Free Support Forum - aspose.com

HTML document with images to .DOCx

I have HTML documents with separate images (as .zip files) that need to be converted to .DOCX format. How do I pass in both the HTML and the images to the Aspose “Document” object? Should I build everything into one MHTML file? Thank you for your help.

Hi Don,

Thanks for your inquiry.

I think you can use the same technique as demonstrated in this article here: http://www.aspose.com/documentation/.net-components/aspose.words-for-.net/howto-convert-an-image-to-pdf.html

In your case you will want to export to HTML/MHTML instead of PDF.

If you have any troubles please feel free to ask.

Thanks,

Adam, thanks for the answer. I looked through the code example and it is using image file types (.png, .tiff, etc.) which can have multiple “frames” per image file.

I’m trying to do something similar but the difference is I’m starting with multiple files and want to get one .docx document as the result.

I have one HTML file with “img” tags in it, along with the image files (image/png) that they refer to.
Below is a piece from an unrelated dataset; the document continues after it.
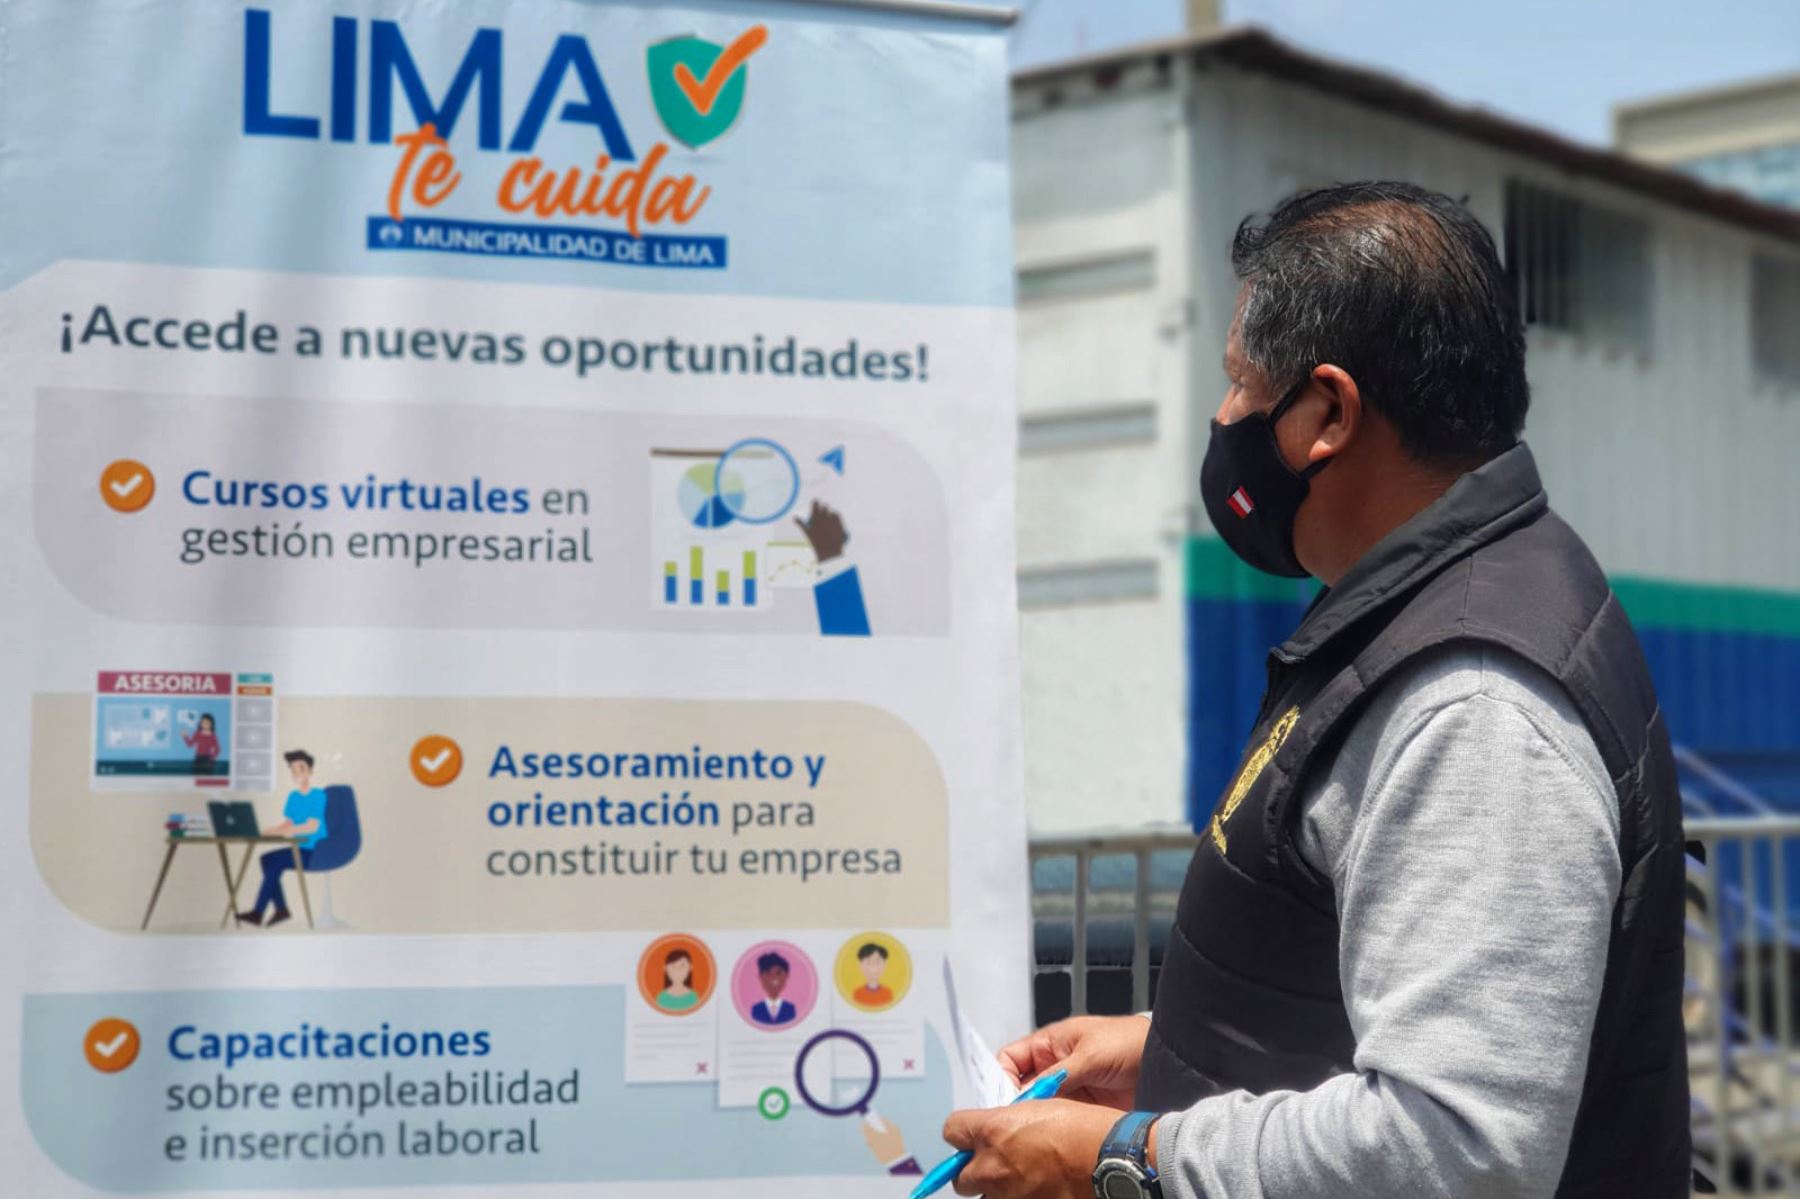 Como parte de la estrategia de atención territorial Lima te Cuida, la municipalidad implementó dos módulos informativos en la plaza Gastañeta para que los ambulantes conozcan estas opciones de crecimiento laboral. Foto: ANDINA/Municipalidad Metropolitana de Lima.

What I want to get as output is one .docx file that includes both the text and formatting, from the HTML document, and the images, in the appropriate places.

(The HTML is input, not output.)

Hi Don,

Thanks for the clarification.

You can convert an HTML document with images to DOCX by simply loading it into a Document object and saving it as DOCX. Please see the code below.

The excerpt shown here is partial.